The surname origin and the gender shift
Addison comes from Old English Æddi (a short form of Adam) plus son, meaning "son of Adam." The name was an English surname through the medieval period and into modern times. Joseph Addison (1672-1719), the English essayist and co-founder of The Spectator, kept the surname in literary visibility through subsequent centuries.
The first-name use was almost exclusively male and quite rare until the 1990s, when American parents began applying it to girls in measurable quantities. The crossover follows the same pattern as Avery, Madison, and Harper: surname-origin names that read as fresh and modern when applied to girls, regardless of their original gender.
The Grey's Anatomy effect, dissected
Dr. Addison Montgomery appeared on Grey's Anatomy from 2005 to 2007, then carried the spinoff Private Practice from 2007 to 2013. The character's premiere coincided exactly with Addison's chart peak, but the name was already climbing fast before 2005 — it was at #145 in 2000, a level that suggests strong momentum independent of any single show.

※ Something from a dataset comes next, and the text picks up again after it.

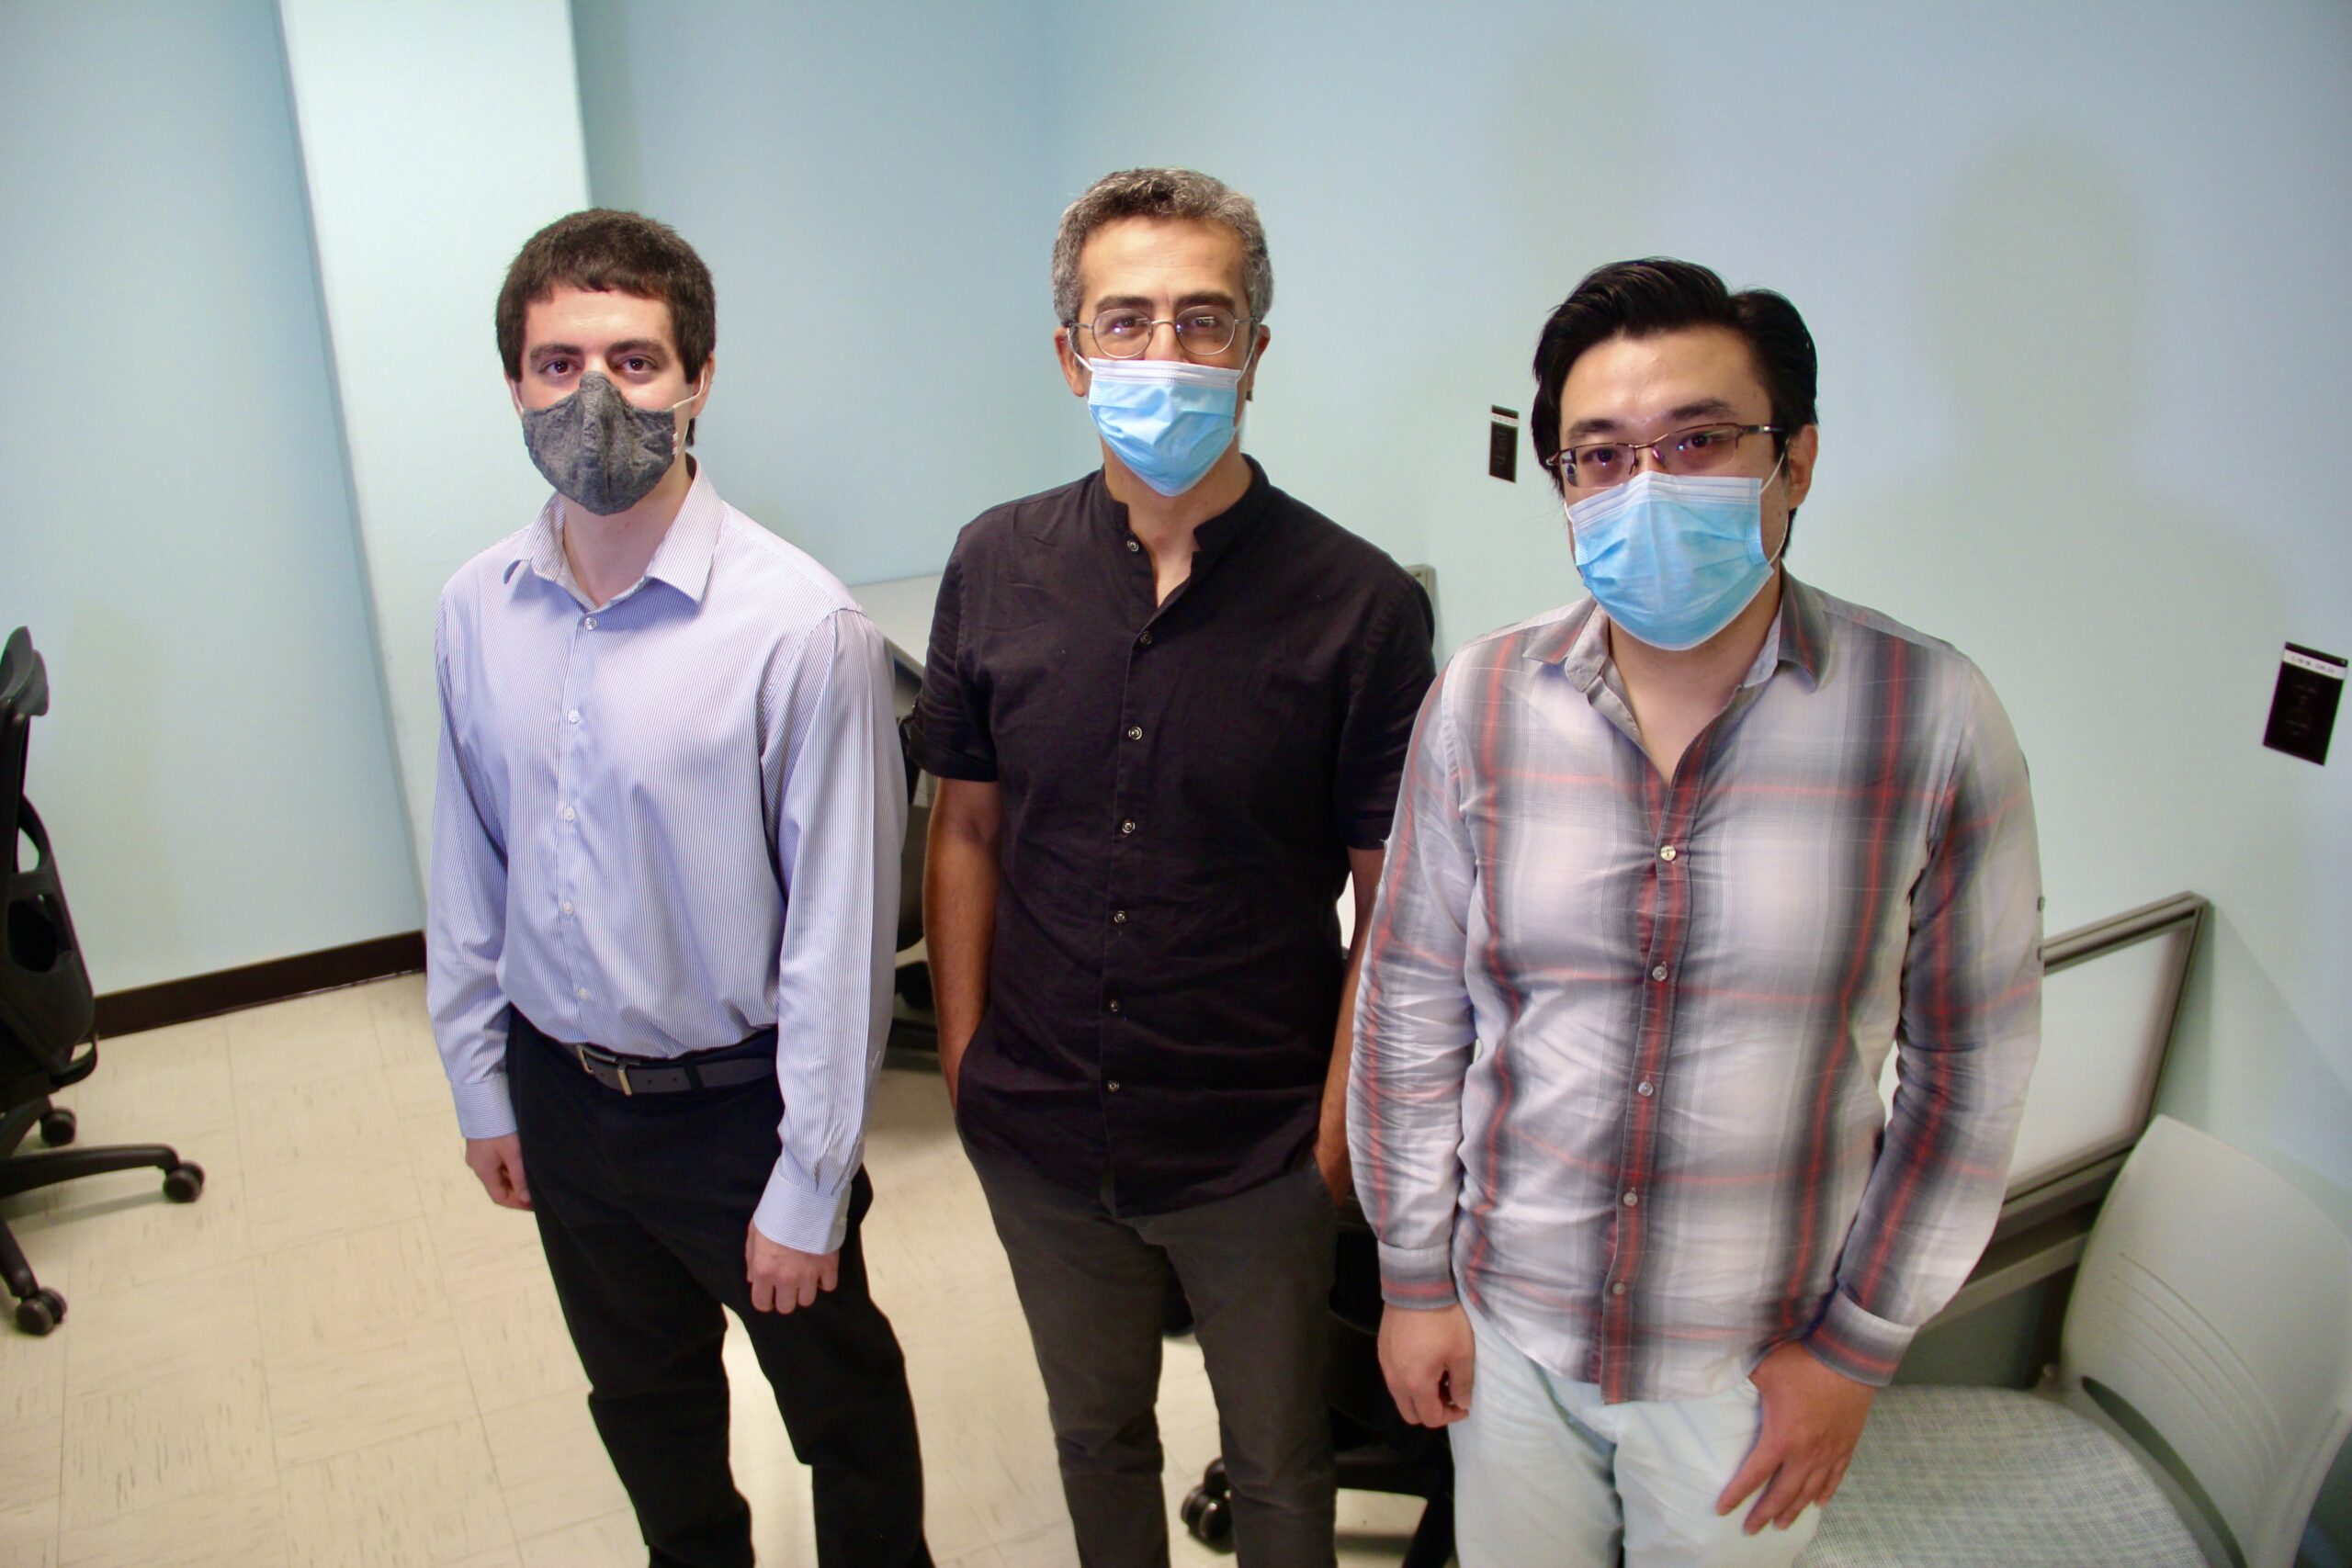 Uzay Emir stands with his doctoral students Xin Shen and Nicholas Farley

The more accurate read is that Grey's Anatomy reinforced and accelerated an existing trend rather than creating it. The character's professional, slightly imperious register also matched the name's surname-feel positioning, which probably contributed to parental adoption.
The Maddie problem revisited
The counter-reading: Addison shares the Addie/Maddie nickname space with Adeline, Madelyn, and similar names. The cumulative "Maddie/Addie" count in any current kindergarten class is meaningfully higher than any single name's rank suggests. Parents picking Addison in 2025 should expect the nickname convergence to be persistent, and may want to consider whether they actually want the surname-formal full name or the casual short form.

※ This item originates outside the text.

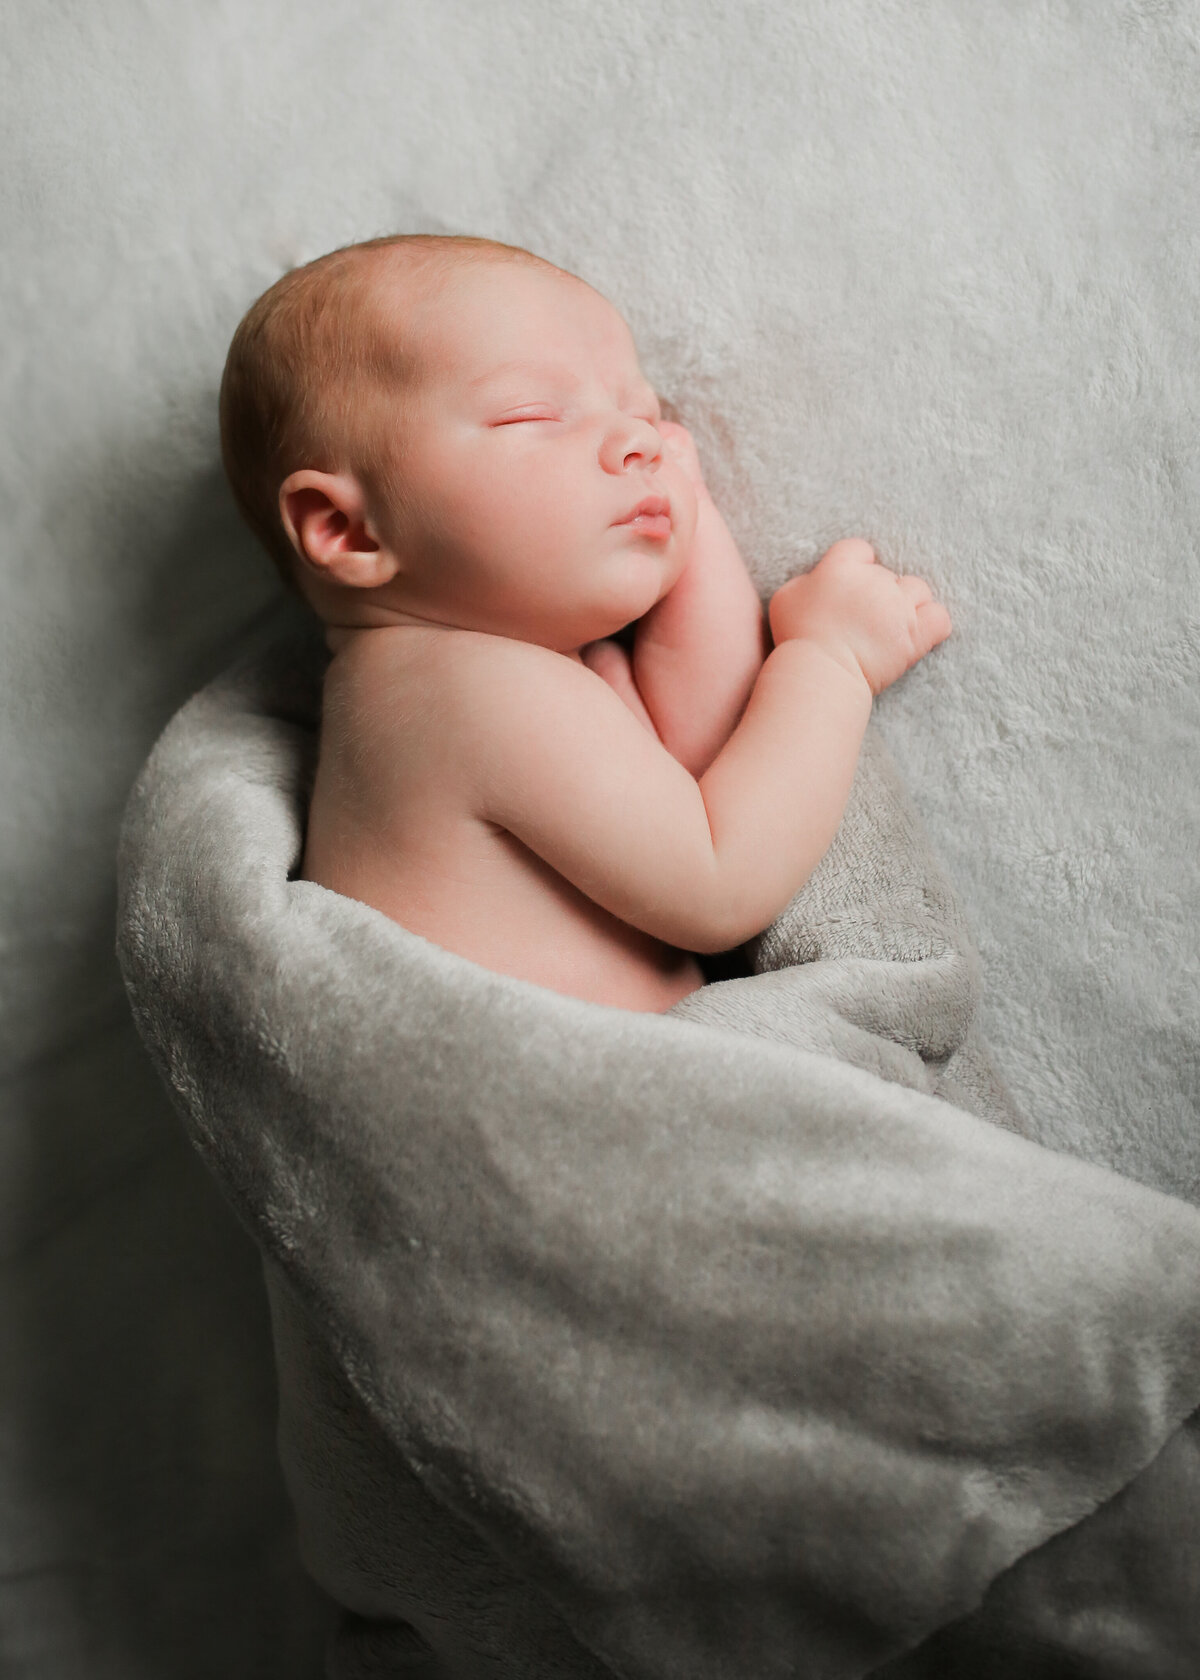 A perfect gift for new parents, a gift voucher for a newborn photo shoot.

Addison's decline since 2007 has been steady but not steep, suggesting the name is settling into a long-term home in the #50-100 range rather than collapsing. Sibling pairings on naming forums lean toward the surname cluster: Addison and Harper, Addison and Avery, Addison and Kennedy. Middle names tend short and punchy: Addison Rose, Addison Mae, Addison Grace, Addison Jane. The three-syllable first works with either short or longer middles, but parents tend to pick short to keep the surname-modern register clean.